● **Your objective**
Output the complete listing exactly, please, and keep the pictures out of it.

● **Supplied information**
####################
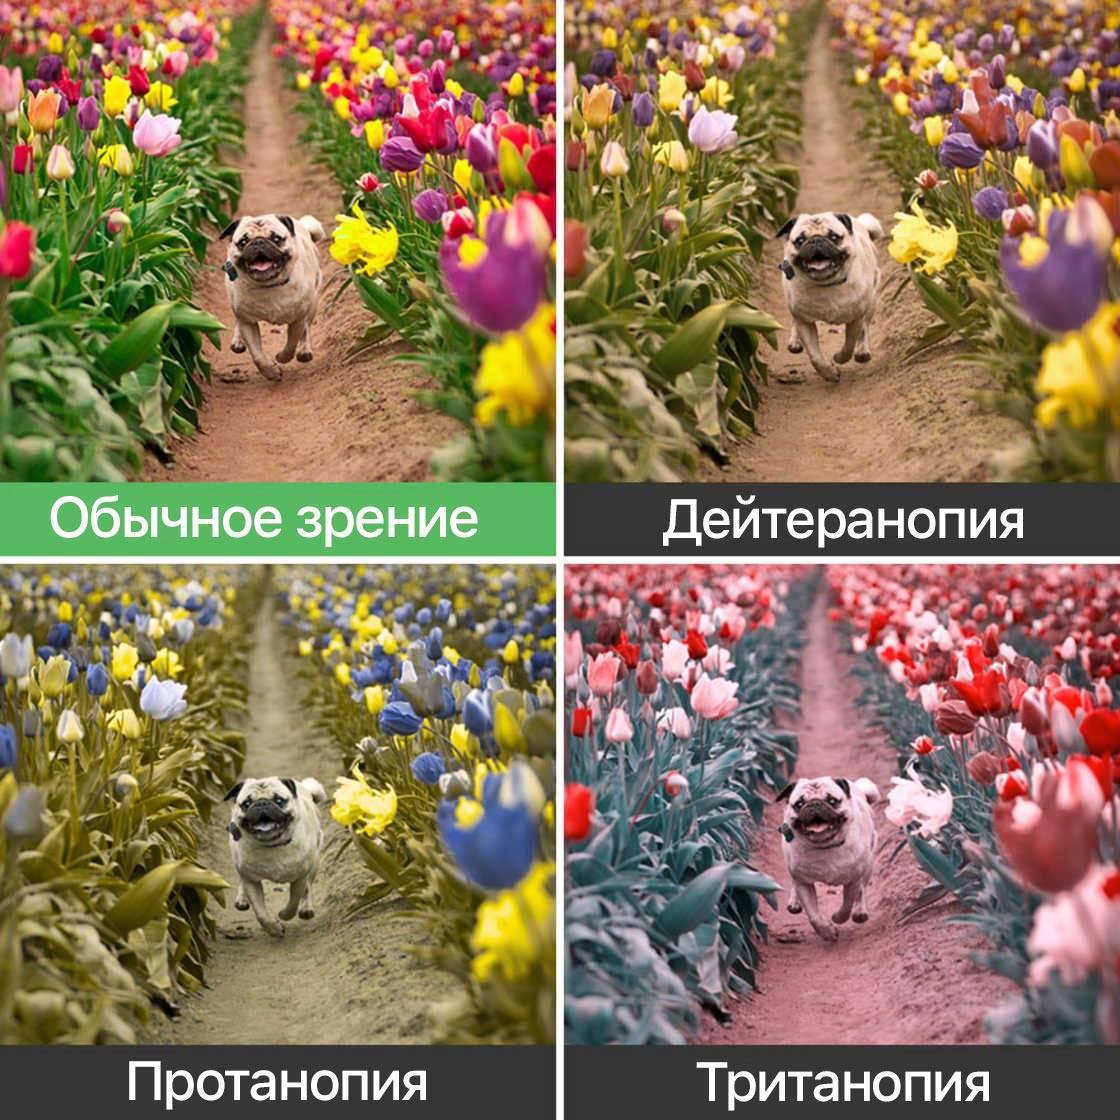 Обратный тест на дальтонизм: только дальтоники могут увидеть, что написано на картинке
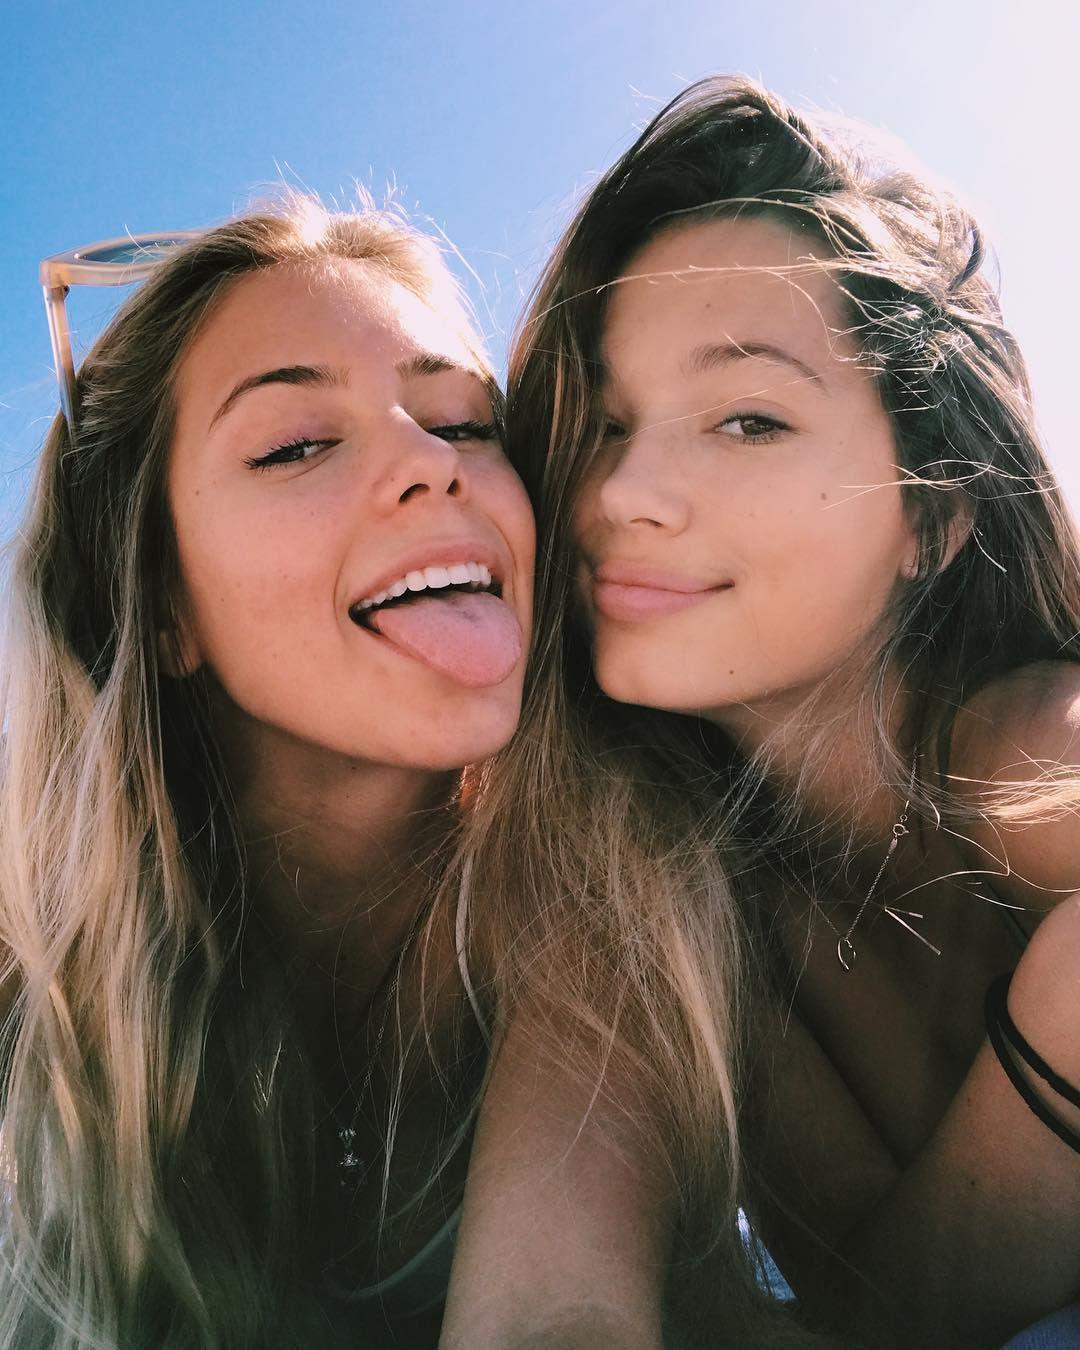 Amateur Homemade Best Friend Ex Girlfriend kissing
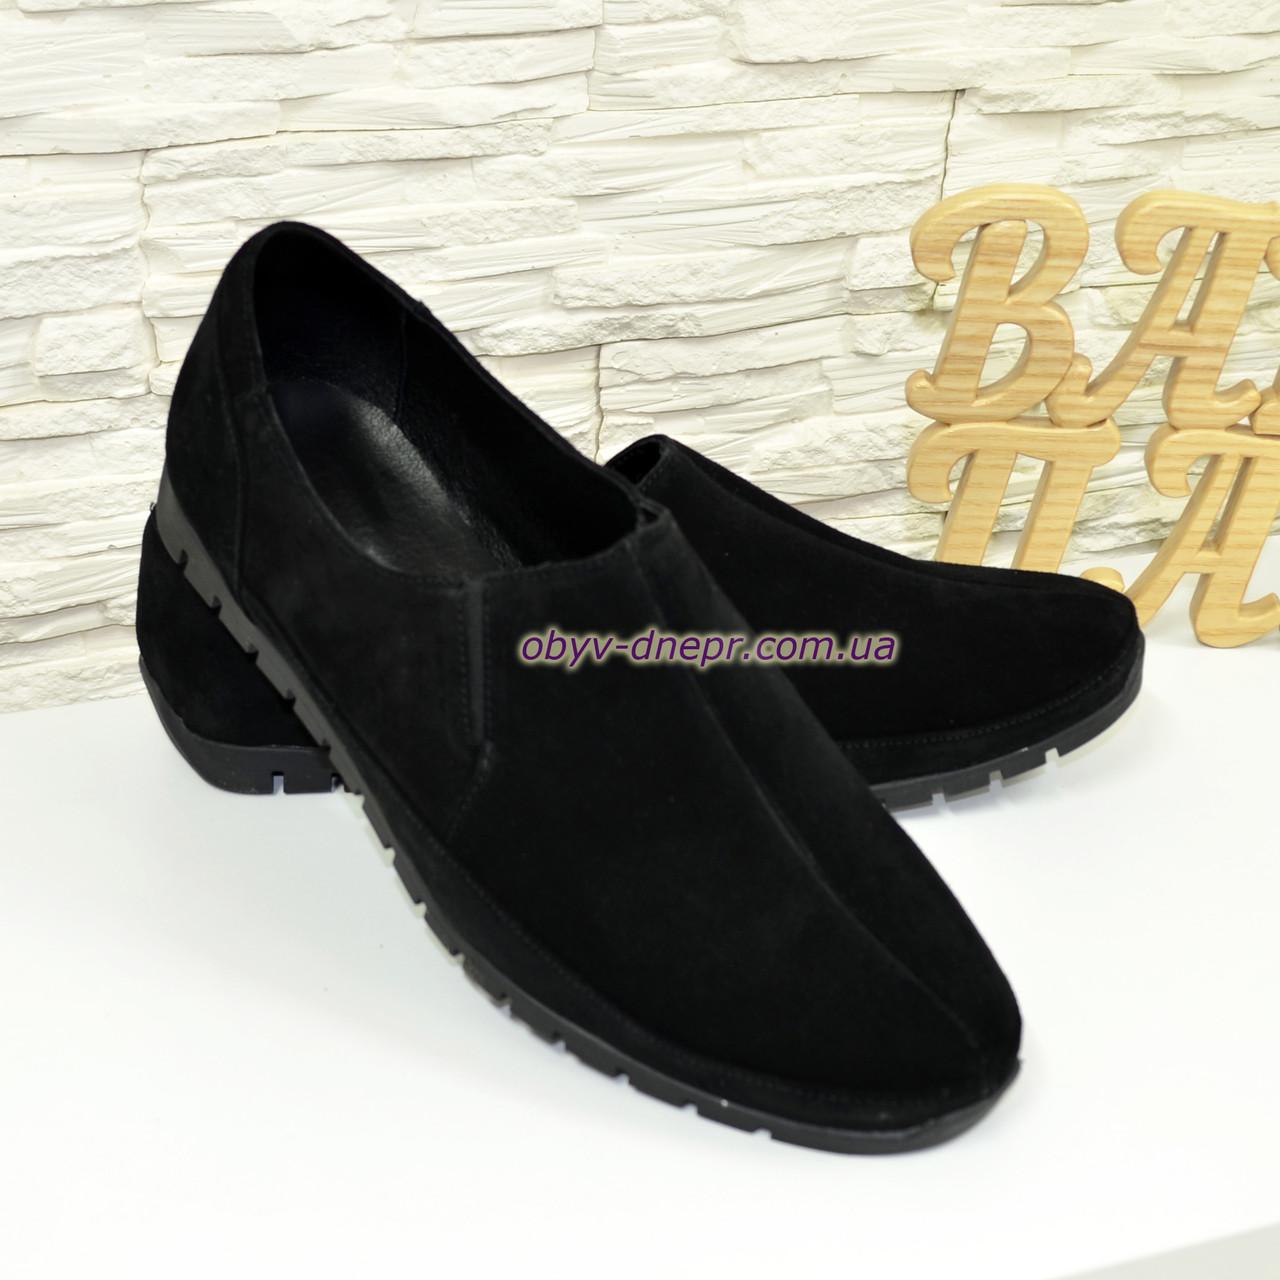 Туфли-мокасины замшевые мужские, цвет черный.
####################
● **Exercise solution**
 Обратный тест на дальтонизм: только дальтоники могут увидеть, что написано на картинке
 Amateur Homemade Best Friend Ex Girlfriend kissing
 Туфли-мокасины замшевые мужские, цвет черный.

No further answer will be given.